TASK DETAILS:
Exactly the lines below, starting with the one containing "Photo of Naggar" and going on through the one containing "Royalty free image", must be reproduced, both ends included, and no pictures with them.

*** SOURCE DATA Section Begins ***

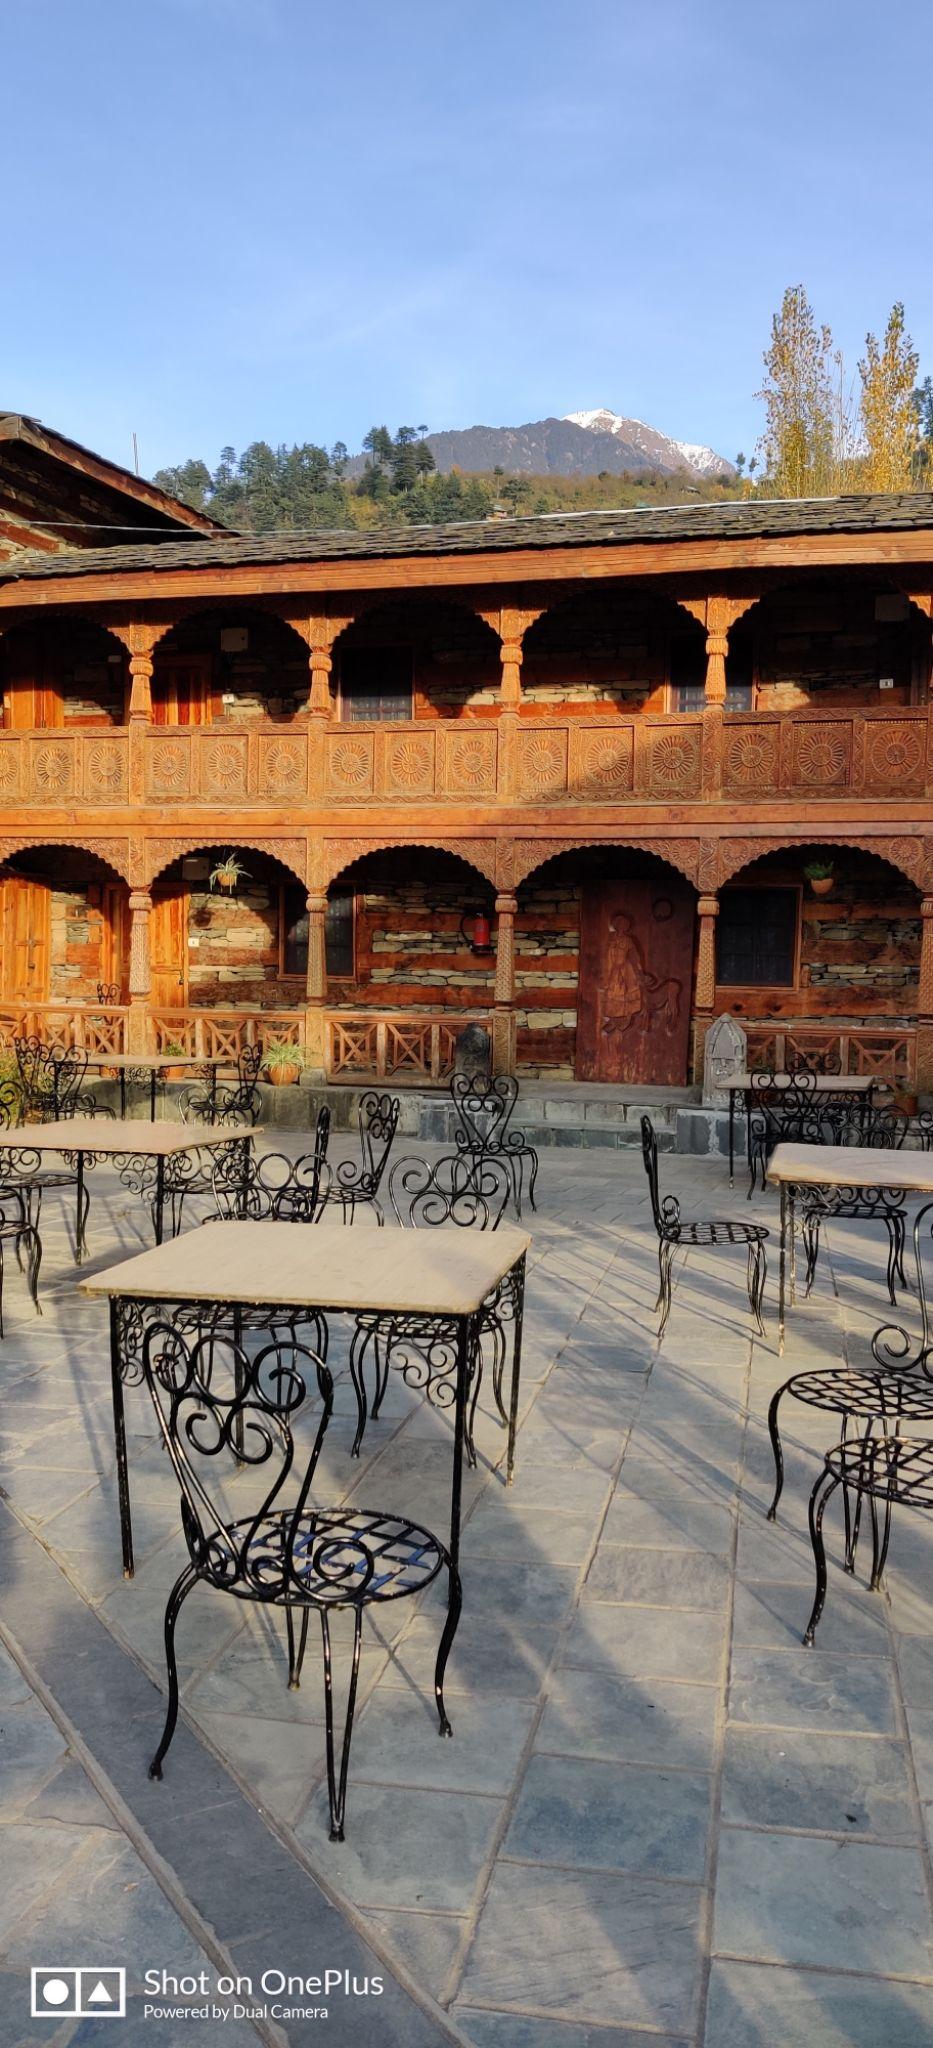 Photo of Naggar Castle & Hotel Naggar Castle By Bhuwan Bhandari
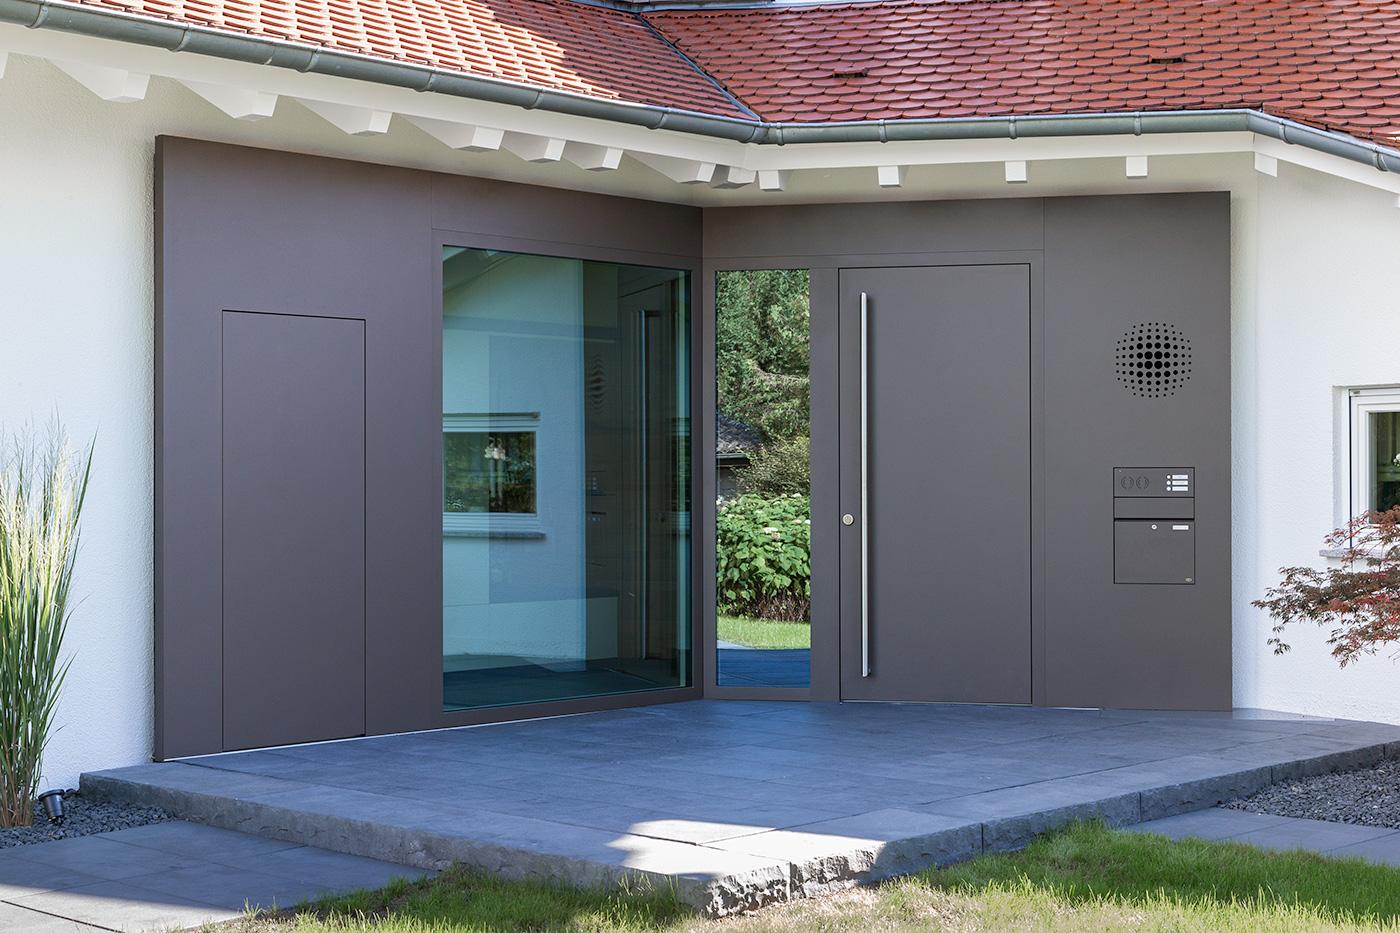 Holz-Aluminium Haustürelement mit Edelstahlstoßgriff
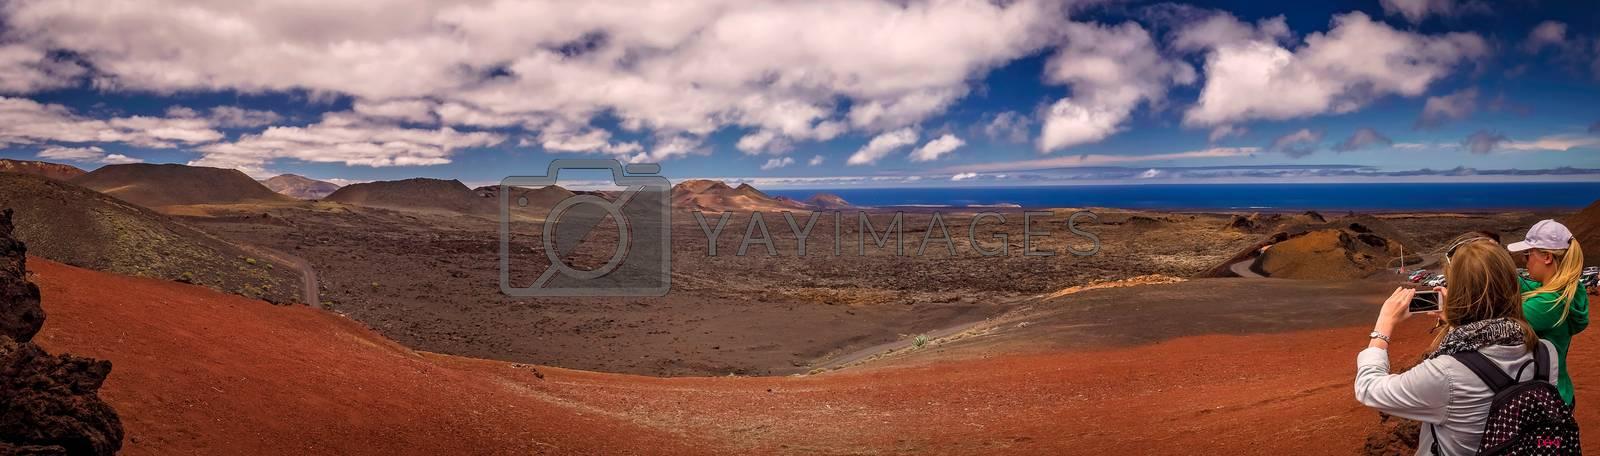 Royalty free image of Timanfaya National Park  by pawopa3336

*** SOURCE DATA Section Ends ***
*** SOURCE DATA Section Begins ***

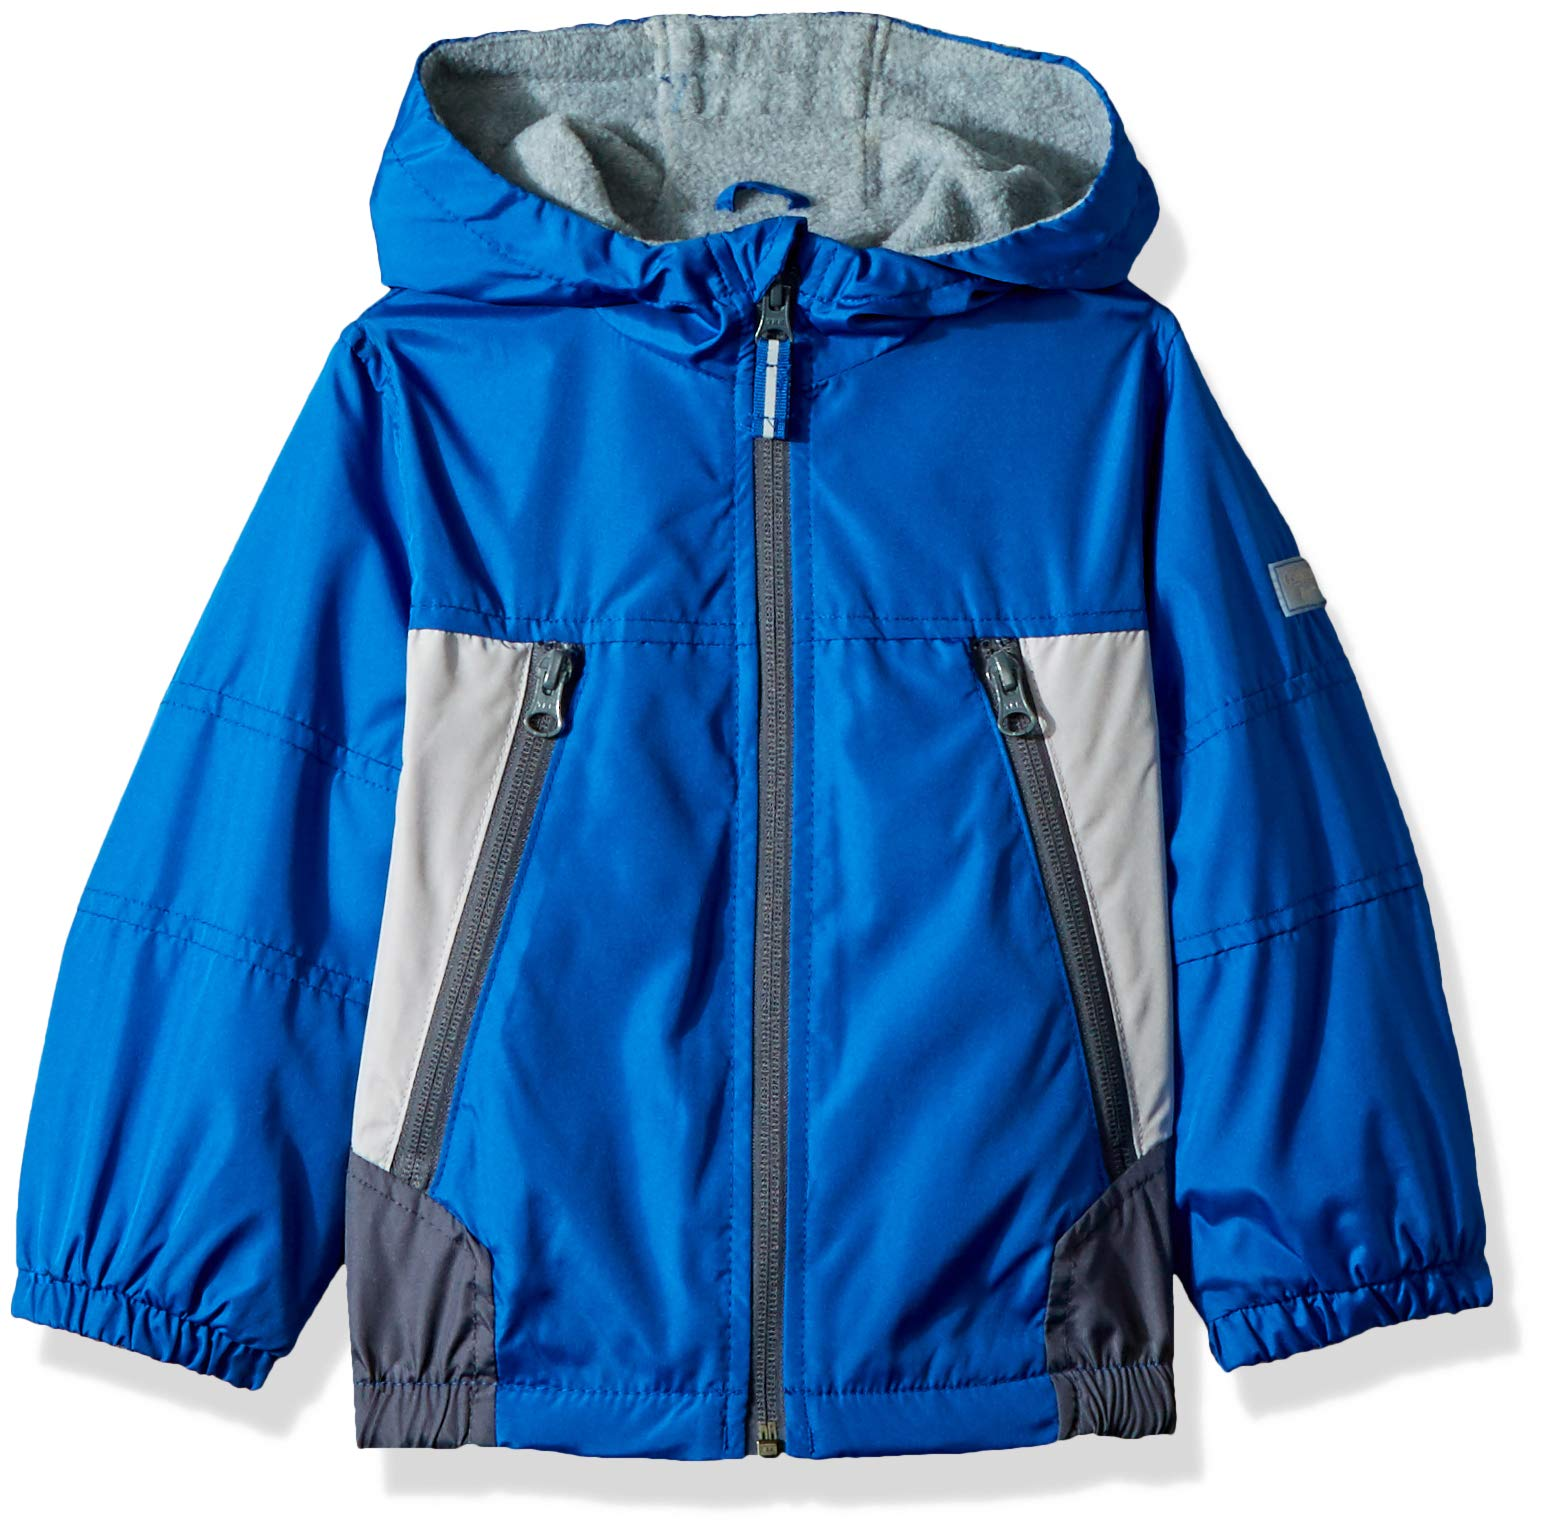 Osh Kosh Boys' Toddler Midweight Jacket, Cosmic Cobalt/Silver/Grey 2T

*** SOURCE DATA Section Ends ***

TASK OUTPUT:
 Photo of Naggar Castle & Hotel Naggar Castle By Bhuwan Bhandari
 Holz-Aluminium Haustürelement mit Edelstahlstoßgriff
 Royalty free image of Timanfaya National Park  by pawopa3336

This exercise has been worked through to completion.